On Tuesday, February 10, 2015, Utah Governor Gary Herbert signed an executive order directing state agencies to implement additional state-level protection measures aimed heading off a potential federal listing of the sage grouse as “threatened” or “endangered” under the Endangered Species Act. Under a settlement reached in 2012, the U.S. Fish and Wildlife Services have until September 2015 to decide whether the sage grouse should be listed under the ESA. Referring to the consequences of such a designation as potentially “devastating,” Governor Herbert’s executive order requires that all state agencies minimize the impact of activities on sage grouse, consult with the Utah Division of Wildlife Resources on decisions that could affect sage grouse habitat, and incorporate directives from the Utah Conservation Plan into state operations.
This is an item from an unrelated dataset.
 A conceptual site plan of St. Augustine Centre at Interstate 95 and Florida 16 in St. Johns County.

While the executive order requires consideration of sage grouse protections in agency decision-making, it does not impose the level of regulation or constraints on private property and federal lands that would be imposed if the sage grouse is listed under the ESA. According to Governor Herbert, "The concern we have here in Utah that in doing so [a federal listing], it will have a significantly devastating impact on our economy," particularly on farmers, ranchers and those involved in natural resource extraction.

The executive order implements a number of proposals contained in the Utah Sage Grouse Conservation Plan, which was completed in April 2013 and contained recommendations for habitat preservation. While many of the recommendations contained in the Conservation Plan have been informally implemented by state agencies, the executive order seeks to make the Plan’s recommendations mandatory. According to Utah’s Public Lands Policy Coordinating Office, informal implementation of the Conservation Plan and other localized habitat preservation efforts have already led to an increase in sage grouse populations throughout the state.
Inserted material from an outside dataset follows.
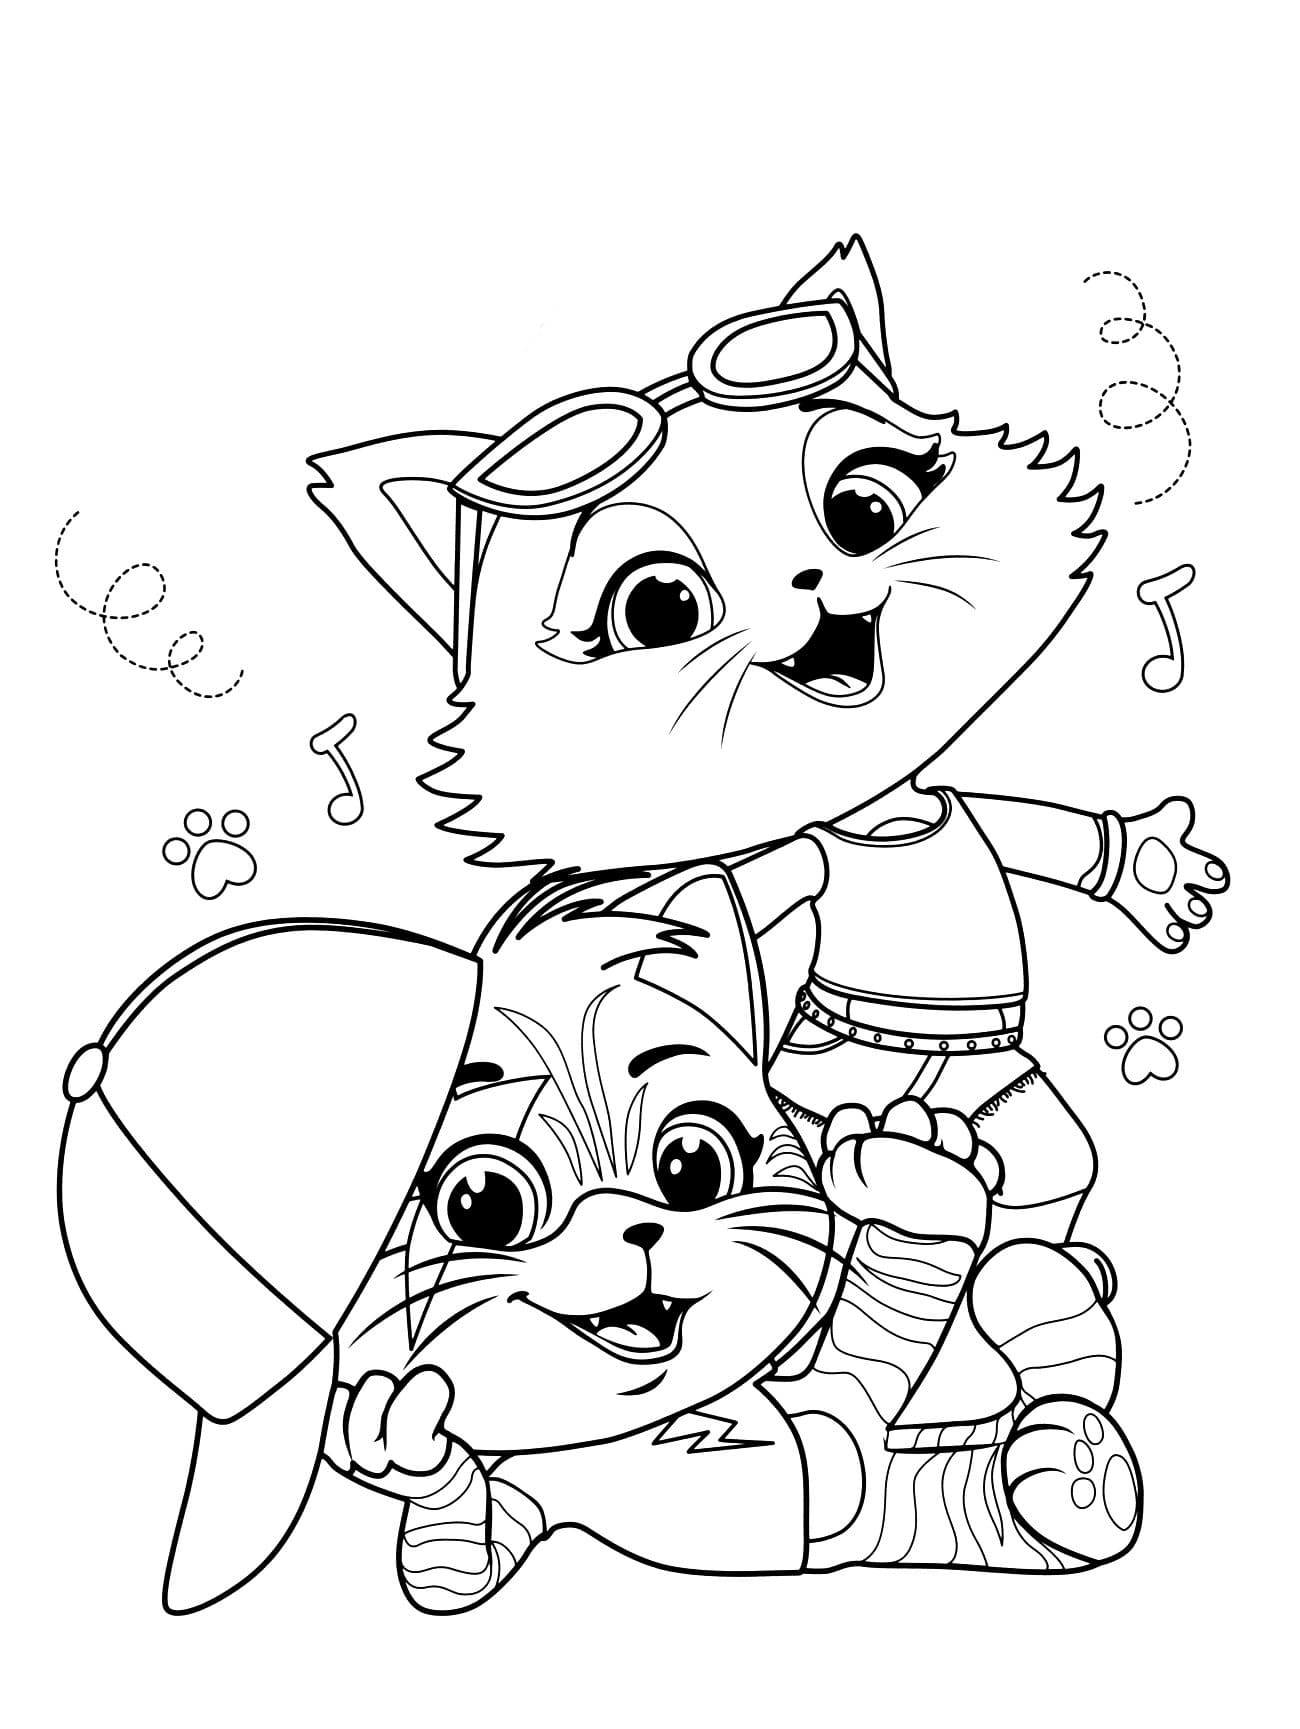 cats the musical coloring pages

In conjunction with the executive order, Utah lawmakers are seeking a $2 million appropriation to preserve sage grouse habitat. These protections would include projects on state and private lands to improve sage grouse habitat, such as removing pinyon-juniper stands which encroach onto sage brush. According to Senator Kevin Van Tassell, who proposed the appropriation, the executive order and the state habitat preservation projects are intended to show the FWS that state-level management of the species is working and that federal intervention through the ESA is unnecessary.

Governor Herbert’s executive order comes almost five years after former Wyoming Governor Freudenthal’s executive order on Sage Grease Core Area Strategy and is intended to promote the same goal: prevention of an ESA listing. Wyoming has been a leader in this movement, and implementation of its conservation plan—which includes a prohibition on surface disturbing activities in areas designated as core habitat—have proven successful.

It remains to be seen whether these state-level efforts will be sufficient to forestall a federal listing of the Greater sage grouse or whether Utah’s response will prove to be too little too late.